Your first consideration when choosing a name for your LLC is that it be unique from any other business in the state of Florida. You can quickly and easily do a name check on the Florida Sunbiz website to verify the business name you want is available.
In order to comply with Florida state law, your company’s name must end with some form of the term “Limited Liability Company.” This can appear as the whole phrase written out or one of the following abbreviated forms: “Limited Company,” “LLC,” or “L.L.C.” You can also choose to use abbreviations for the words “Limited” and “Company” as “Ltd.” or “Co.” respectively. You must avoid words that could suggest your LLC is a government agency. Also, using words associated with some qualified professions (e.g., attorneys, doctors, engineers, etc.) are restricted and will require additional paperwork, as will using names associated with financial institutions (such as a bank).
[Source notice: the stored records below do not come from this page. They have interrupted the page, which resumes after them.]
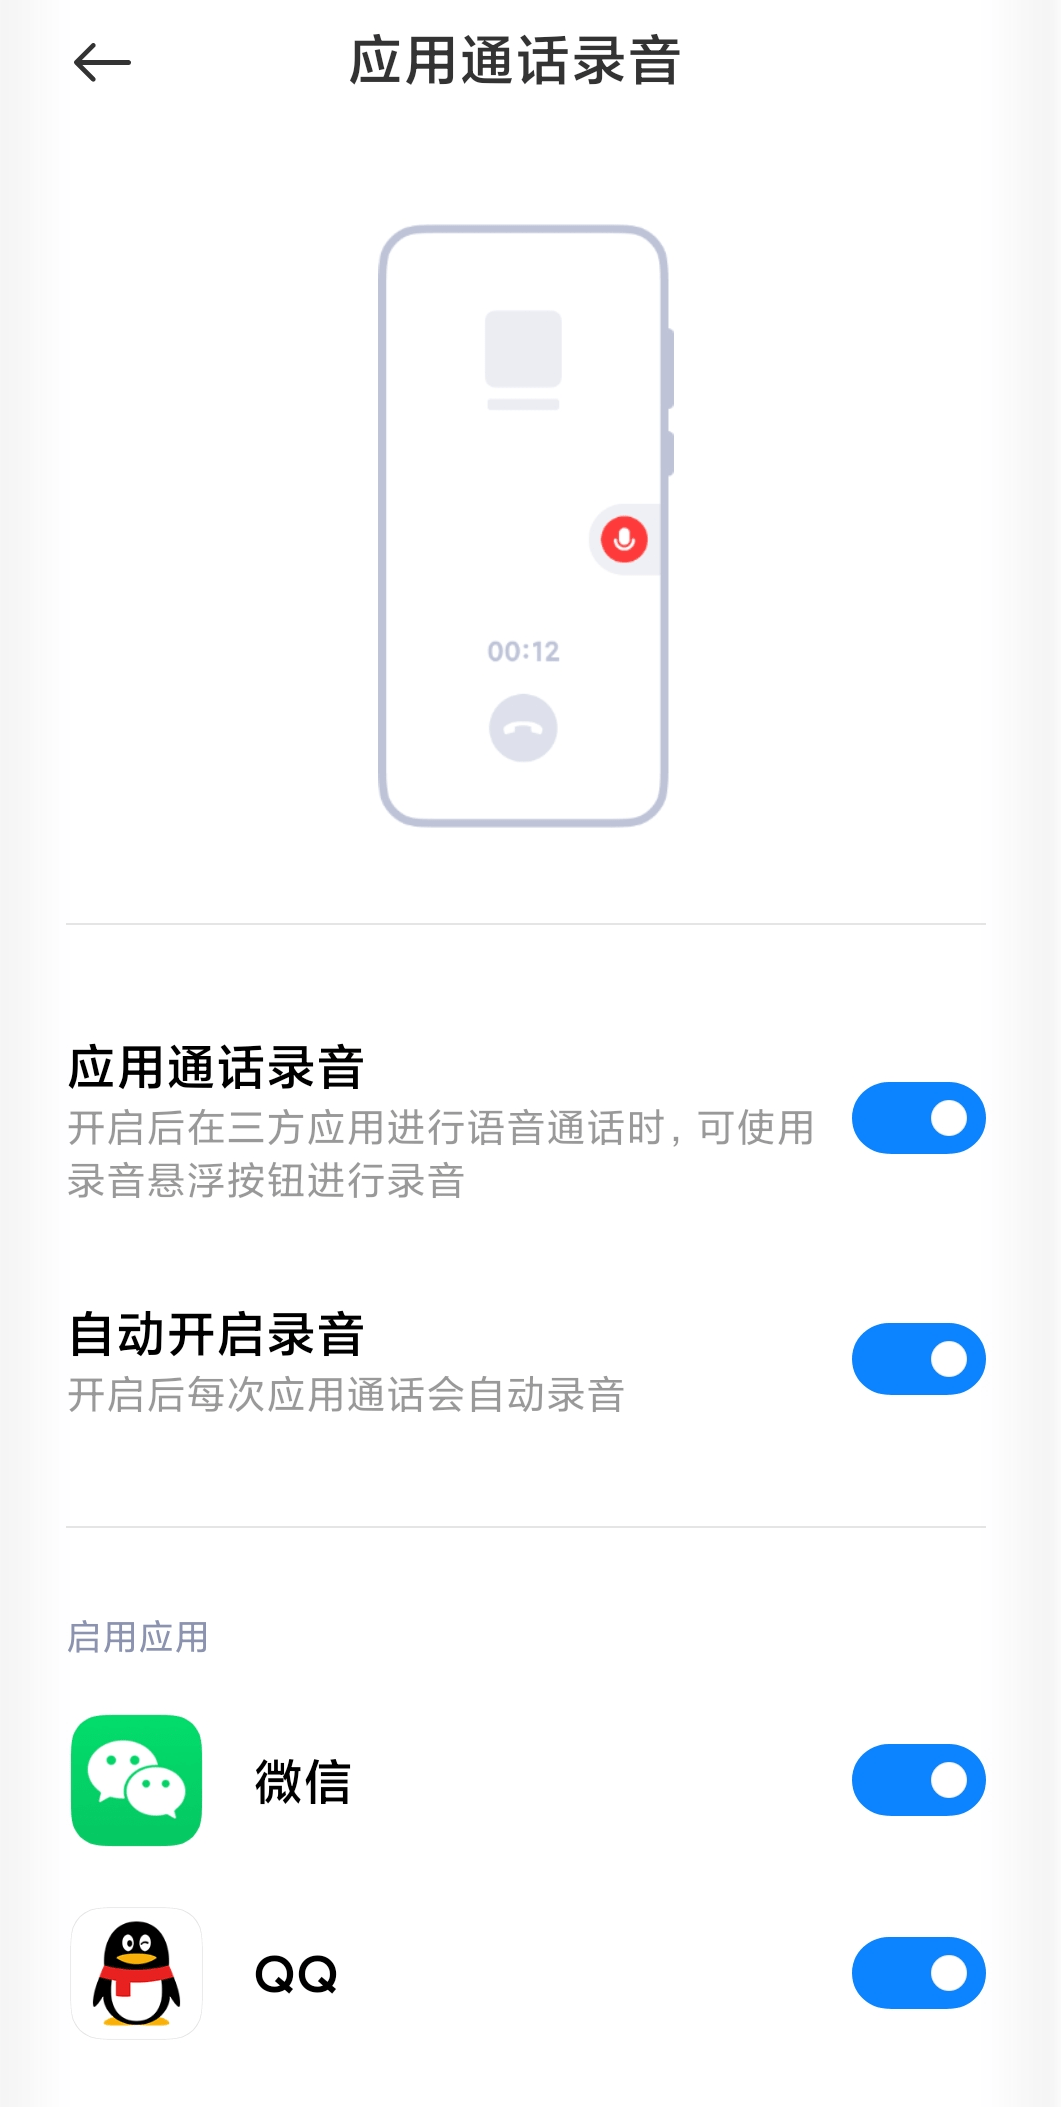 手机|张国全回应部分小米手机不显示QQ通话录音悬浮按钮
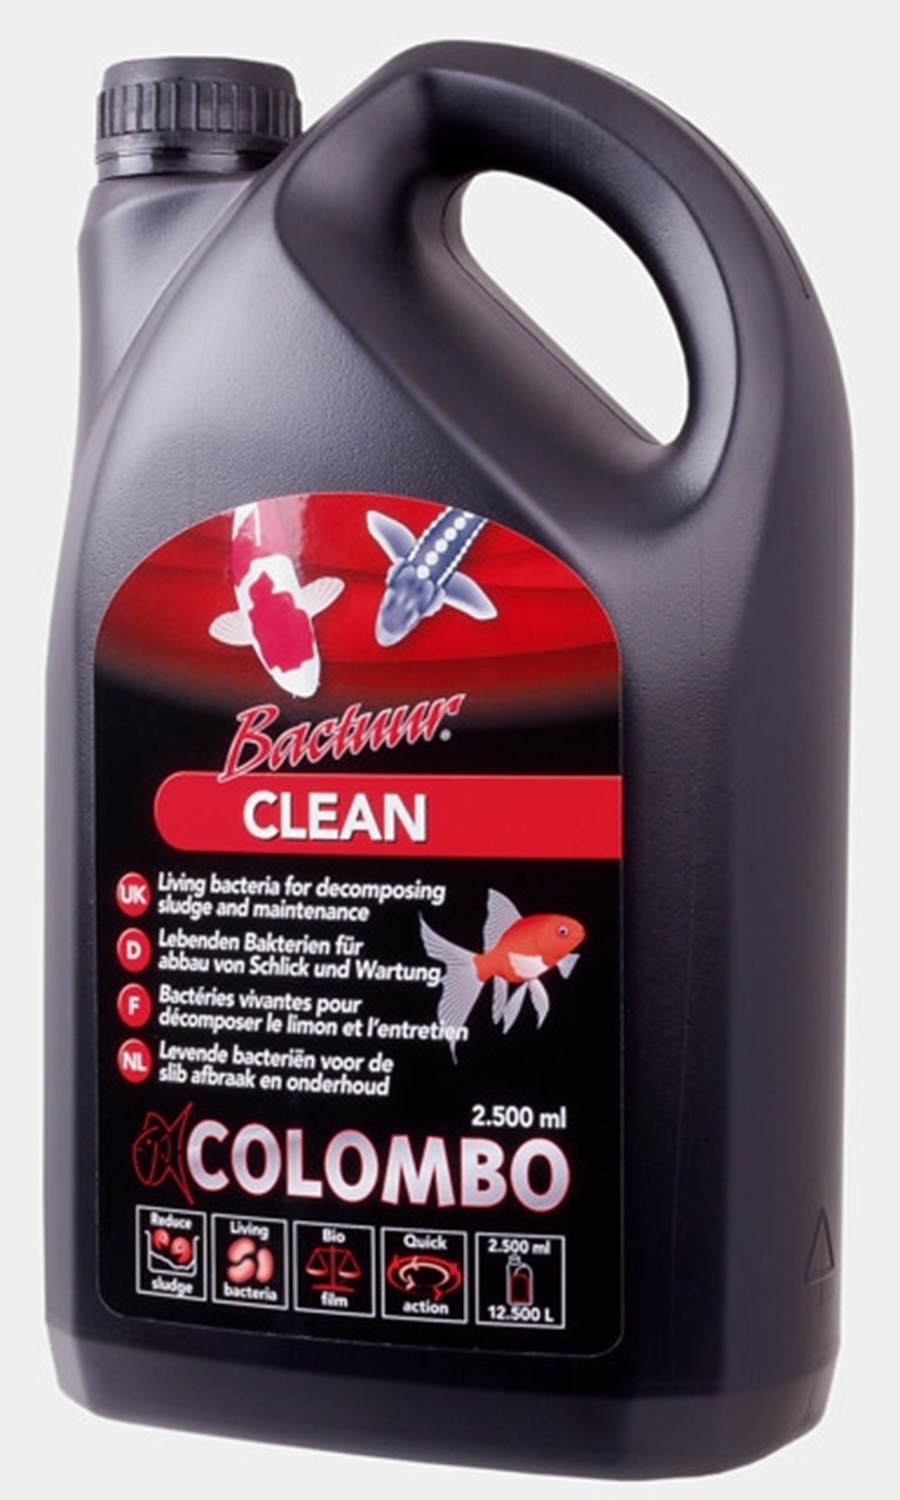 COLOMBO BACTUUR CLEAN SLUDGE 2500ML pour 12.500 litres
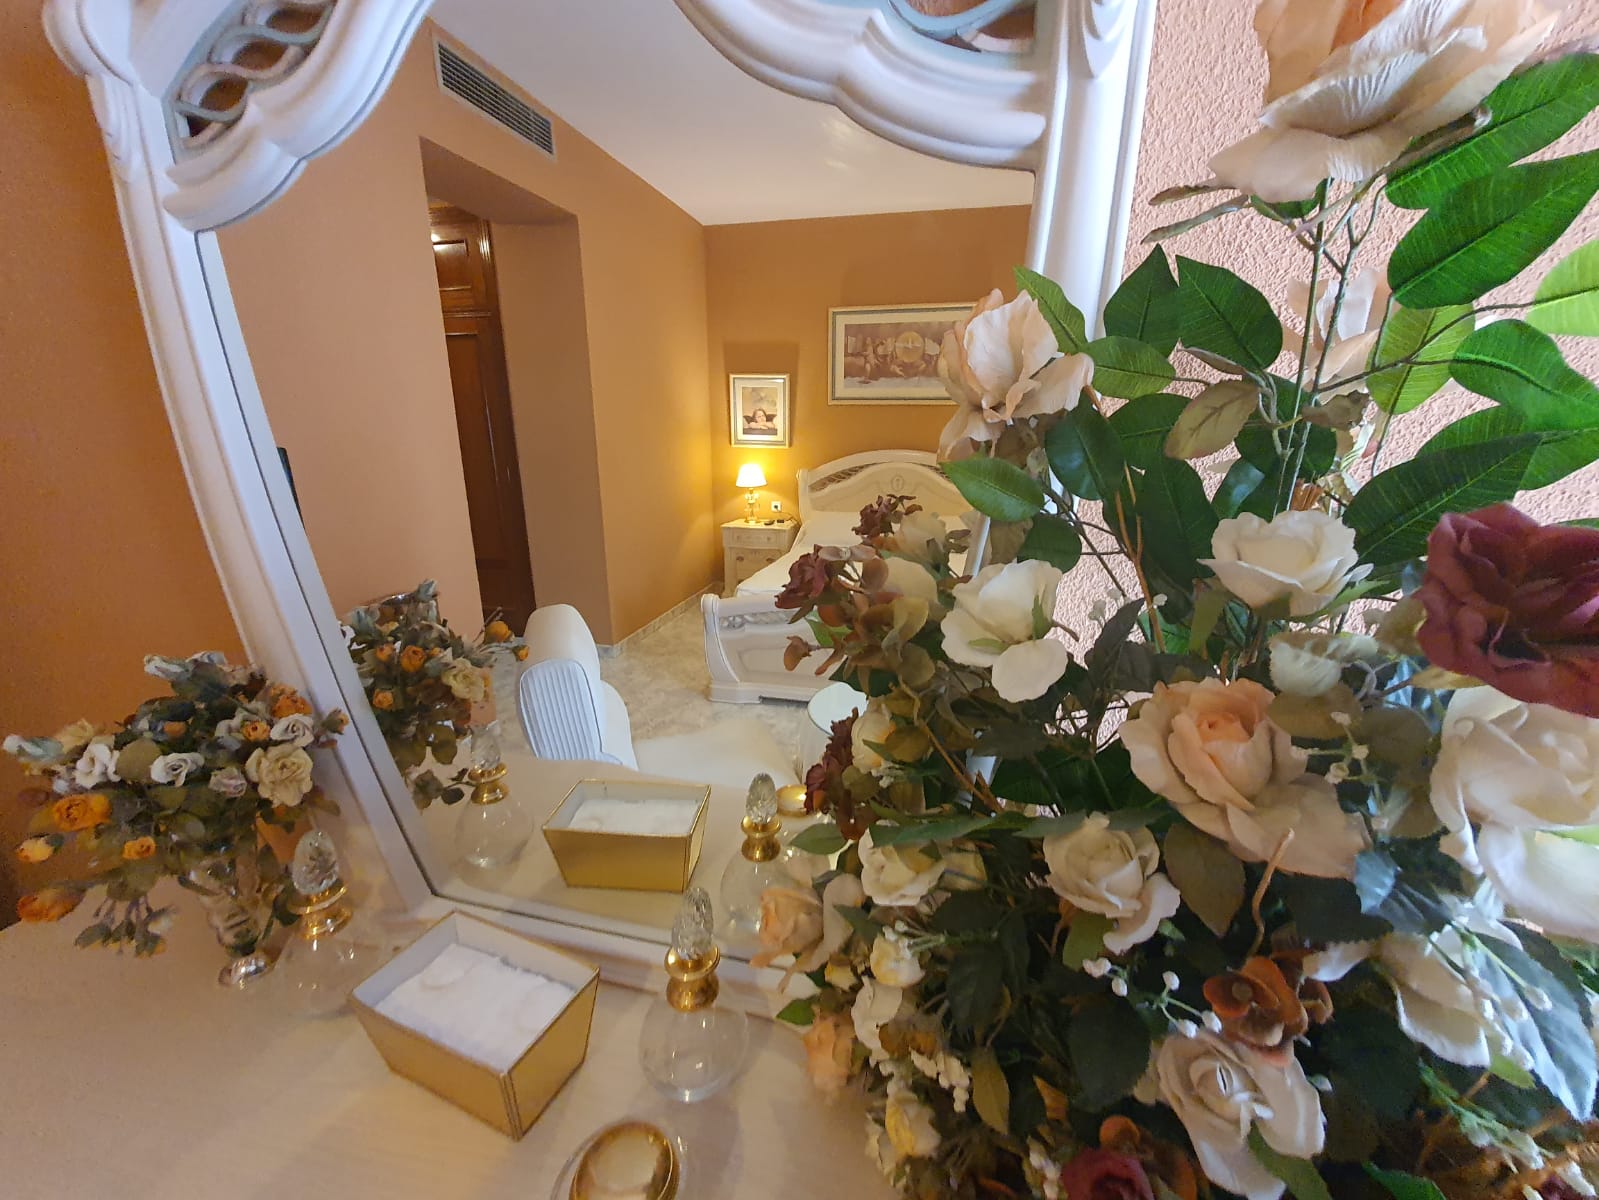 Habitación doble de Hostal Javi, en Belmez, vista desde el espejo decorado con flores.

To officially create your LLC in the state of Florida, you’ll need to complete the Articles of Organization paperwork and file them with the Florida Department of State Sunbiz Website. For a $125 fee, this can be done either online or by mail.
When filing online or by mail, you will be asked for the name and address of the person or persons authorized to manage your LLC. Only LLC managers should be listed here. If this section is left blank, the state will assume your LLC is member-managed and member privacy will be protected. If your LLC is manager-managed, then only the manager’s name is required unless they are a company or an authorized representative (like a registered agent service).
To complete this form you will need to know the following:
You may want to consider preparing an operating agreement to outline the ownership and operating procedures for your LLC. Though not required by the state, an operating agreement will set the guidelines for running your company. This does not need to be filed with the state, but it can go a long way to ensuring your company’s success.
An IRS Employer Identification Number (EIN) is required of your LLC unless it is a single-member LLC with no employees. Obtaining an EIN is as easy as completing the application on the IRS website.
It’s possible your company will need to register with the Florida Department of Revenue. Whether or not your company needs to follow this step will depend on the exact types of taxes it will be collecting and/or has been collecting from the state. The Florida Business Tax Application, Form DR-1, can be filed online or by mail.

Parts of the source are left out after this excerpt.